Le Métal perdu de Brandon Sanderson

La deuxième ère des Fils-des-Brumes se termine et avec elle, les aventures de Wax et Wayne. Etait-elle à la hauteur de la première trilogie ? L’honnêteté oblige à répondre « non », quand la mauvaise foi du fan tente de trouver des excuses à l’auteur. Le chroniqueur sarcastique, lui, ne sait même plus par où commencer.

Mais reprenons depuis le début pour celles et ceux qui n’auraient pas suivi. La première trilogie « Fils-des-Brumes » nous plongeaient dans un monde à l’agonie sur lequel régnait un tyran despotique, le Seigneur Maître, et suivaient les aventures d’un petit groupe de résistants/révolutionnaires/arnaqueurs qui allaient, bon gré mal gré, changer le monde. L’ensemble était soutenu par une magie expliquée d’une manière quasi-scientifique, devenue la marque de fabrique de l’auteur. Sur Scadrial, les gens « brûlent » des métaux en les ingérant (ou en les portant, ou en se faisant transpercer avec…), ce qui leur confère différents pouvoirs découverts au fil de l’histoire.
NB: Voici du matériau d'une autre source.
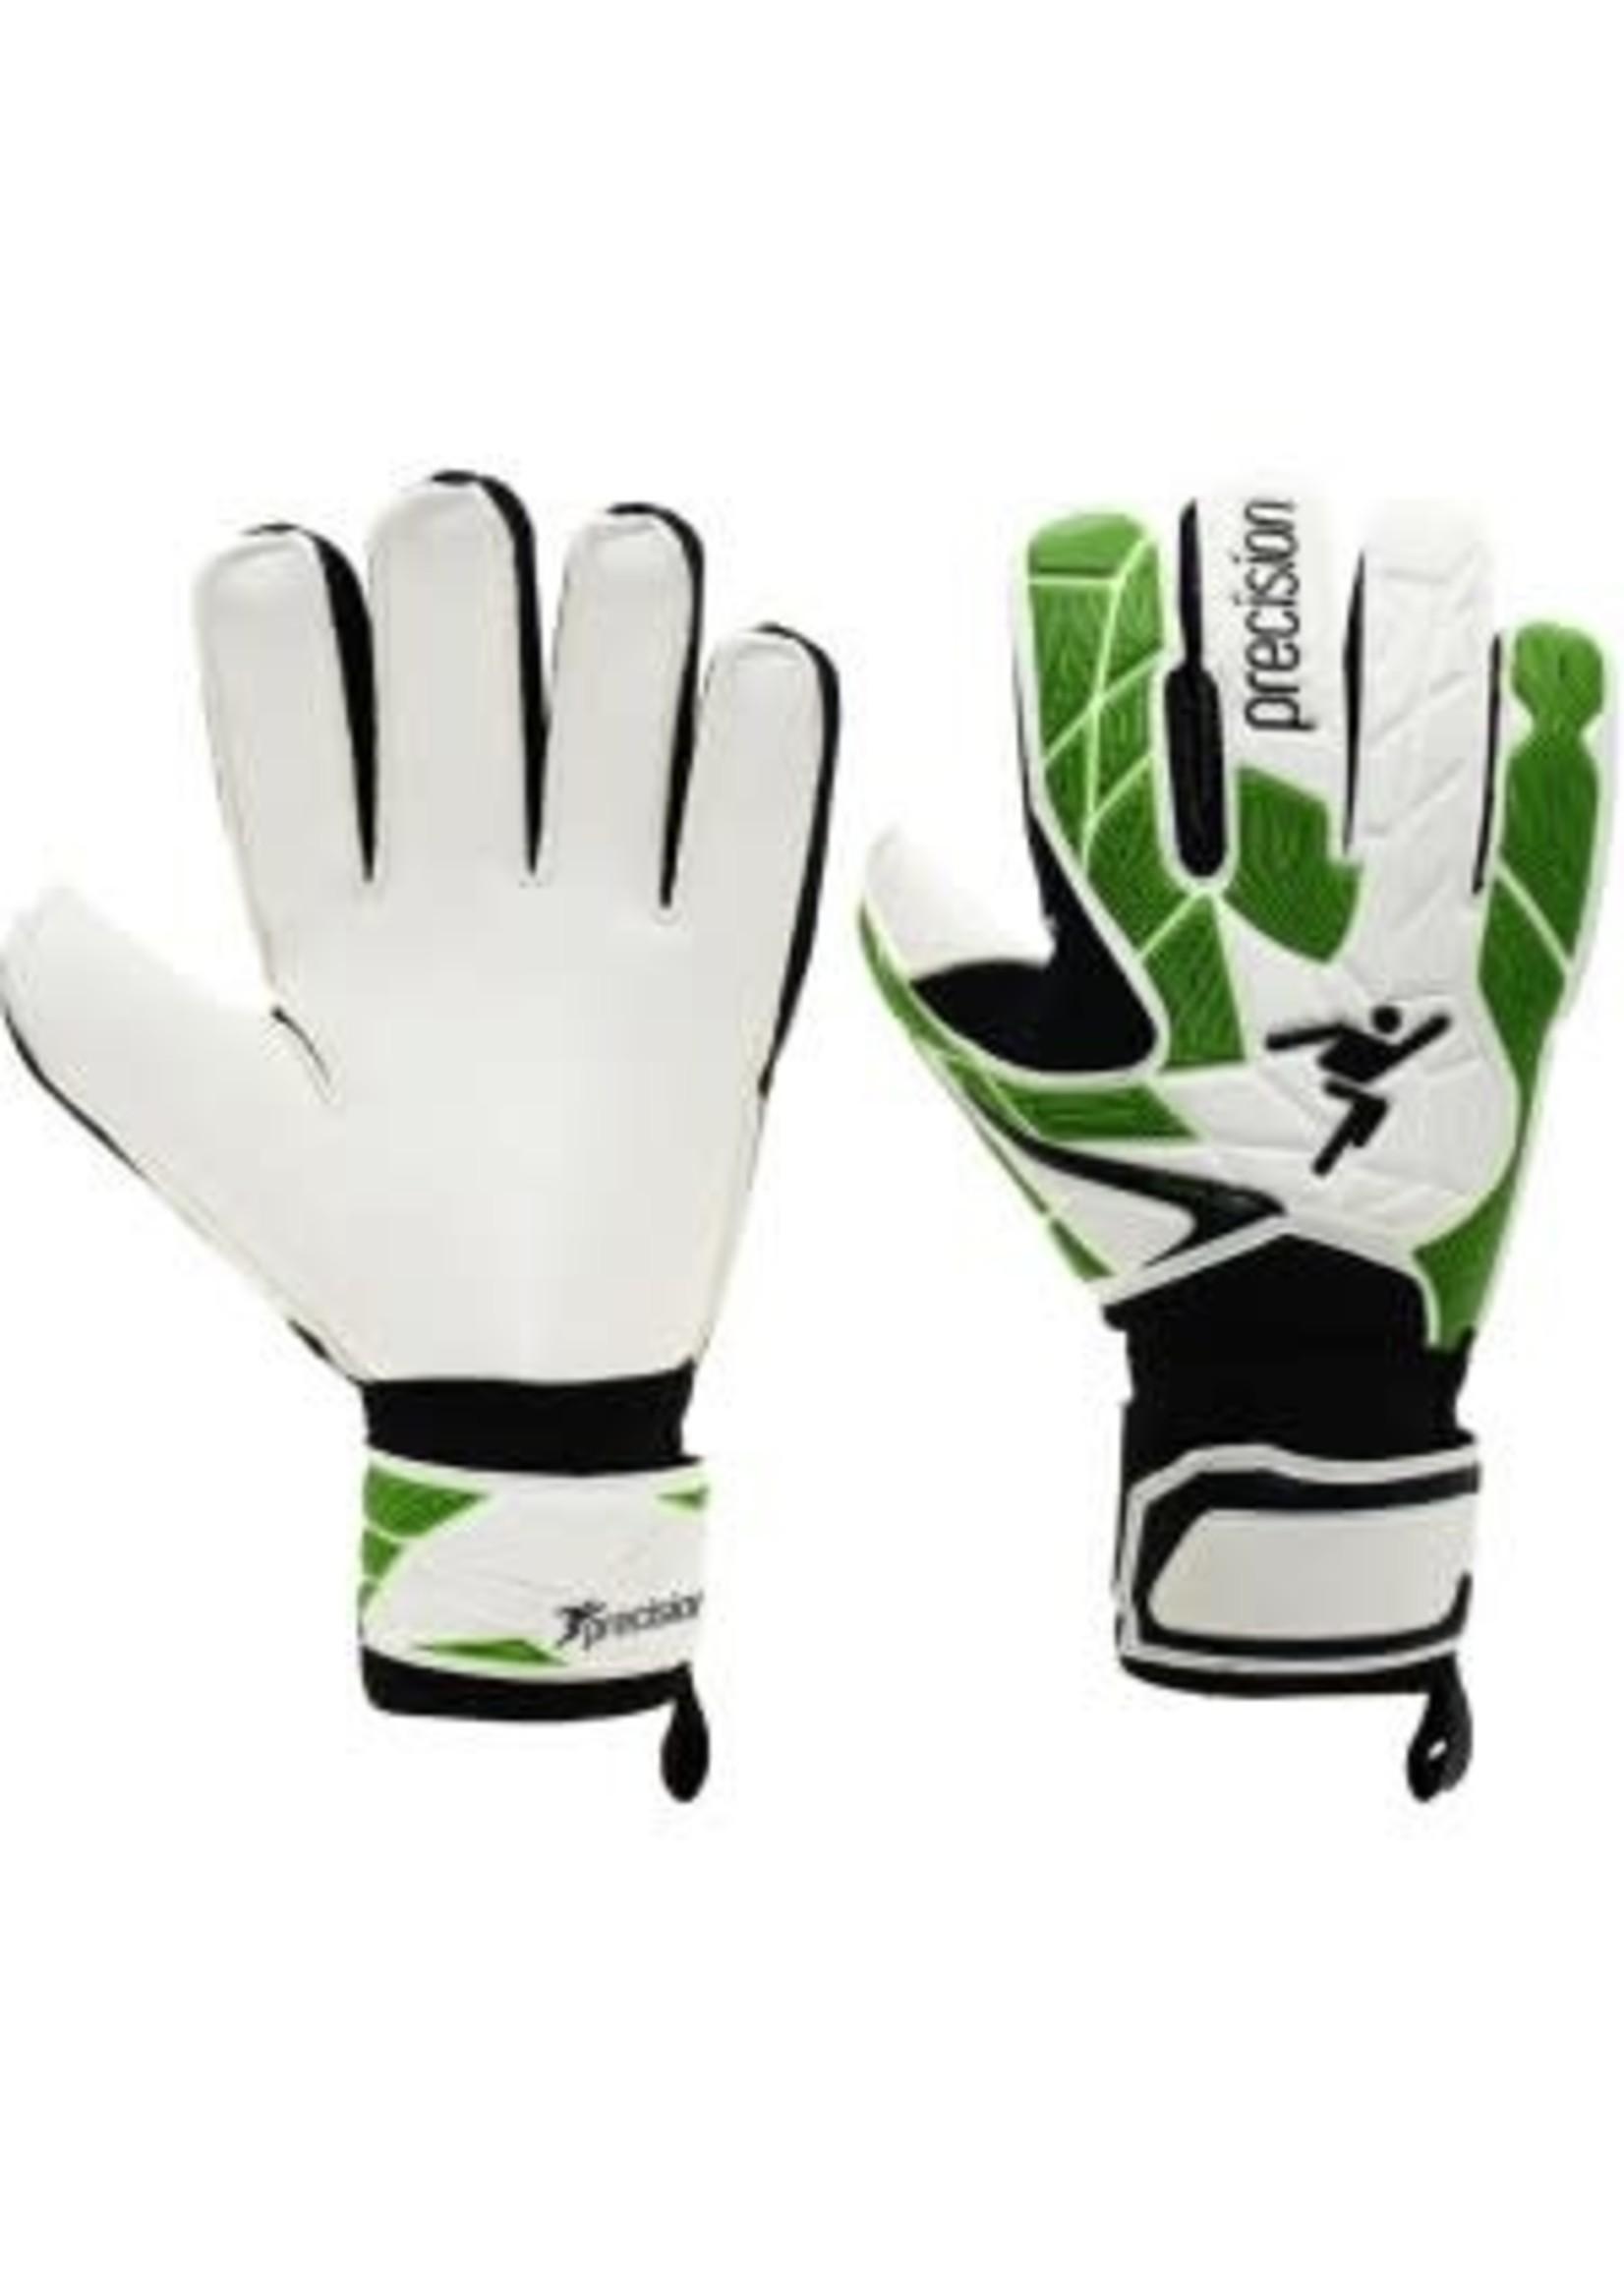 Precision Training Precision Fusion X 3D Flat Cut Basic Goalie Gloves, White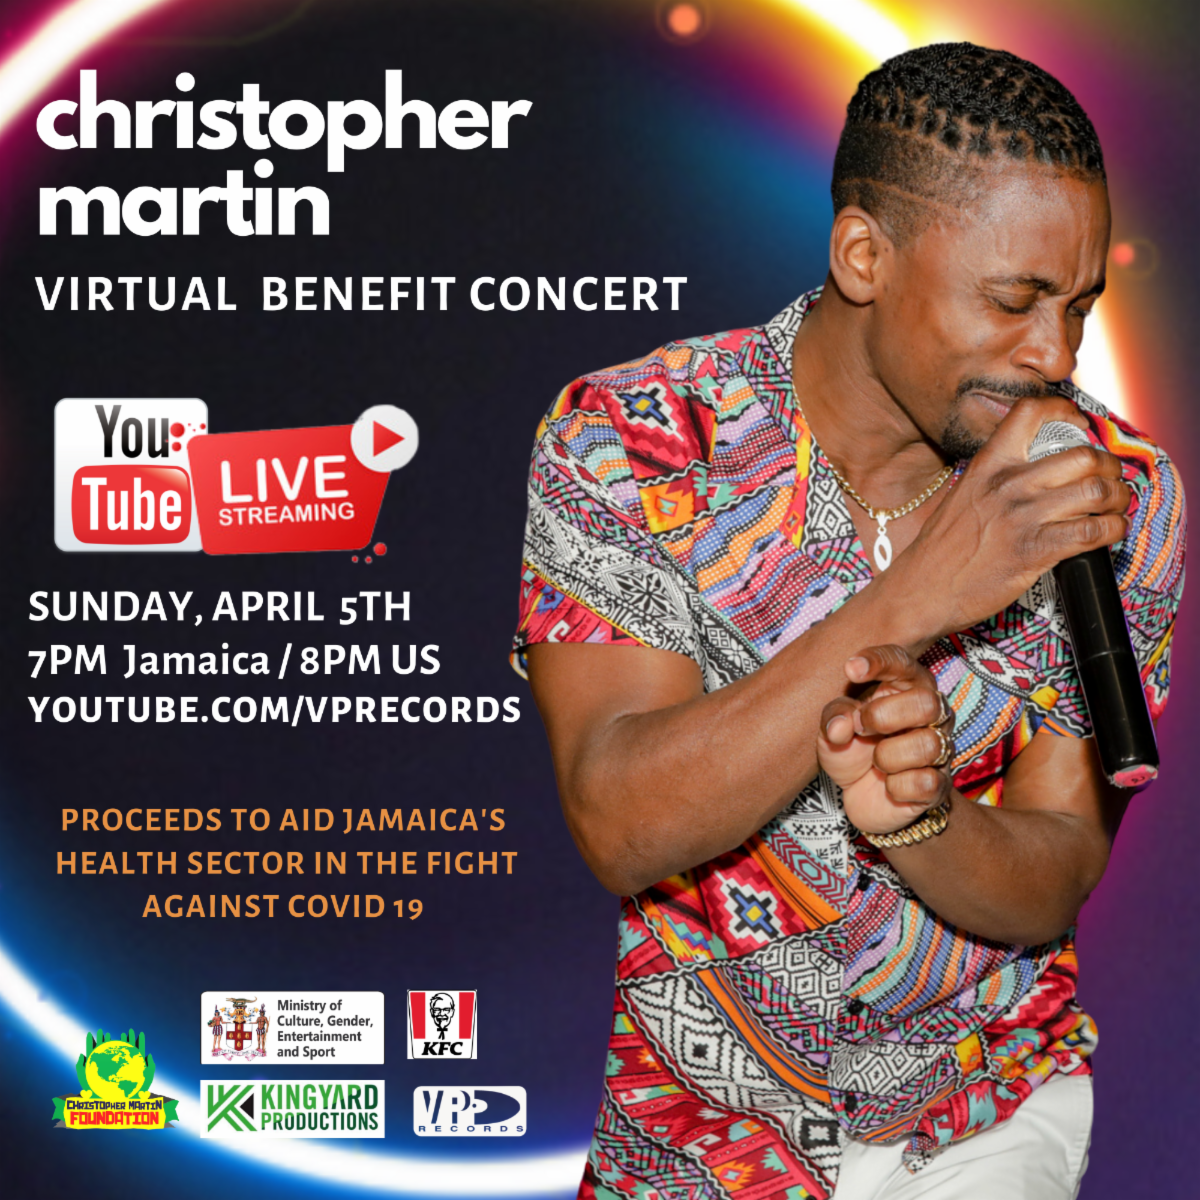 Christopher Martin And Kfc Christmas Album 2020 Christopher Martin Presents Live Stream Performance on VP Records

La première trilogie (L’Empire ultime, Le Puits de l’ascension, Le Héros des siècles) est un classique pour celles et ceux qui aiment cette fantasy qui ne se contente pas de dire « c’est magique ». Ultra-réfléchie, rythmée, intelligente, c’est clairement un monument du genre (fan-alerte). Jusqu’au dénouement final, tout était « waouh » et a posé Brandon Sanderson en chef de file de la fantasy moderne. Cela s’est depuis amplement vérifié (celles et ceux qui ont lu Elantris, son premier roman, diront que c’était déjà le cas), mais s’il est bien une suite que l’on attendait pas, c’était celle-ci. La fin du Héros des siècles était… parfaite. Et ne nécessitait donc pas d’y revenir.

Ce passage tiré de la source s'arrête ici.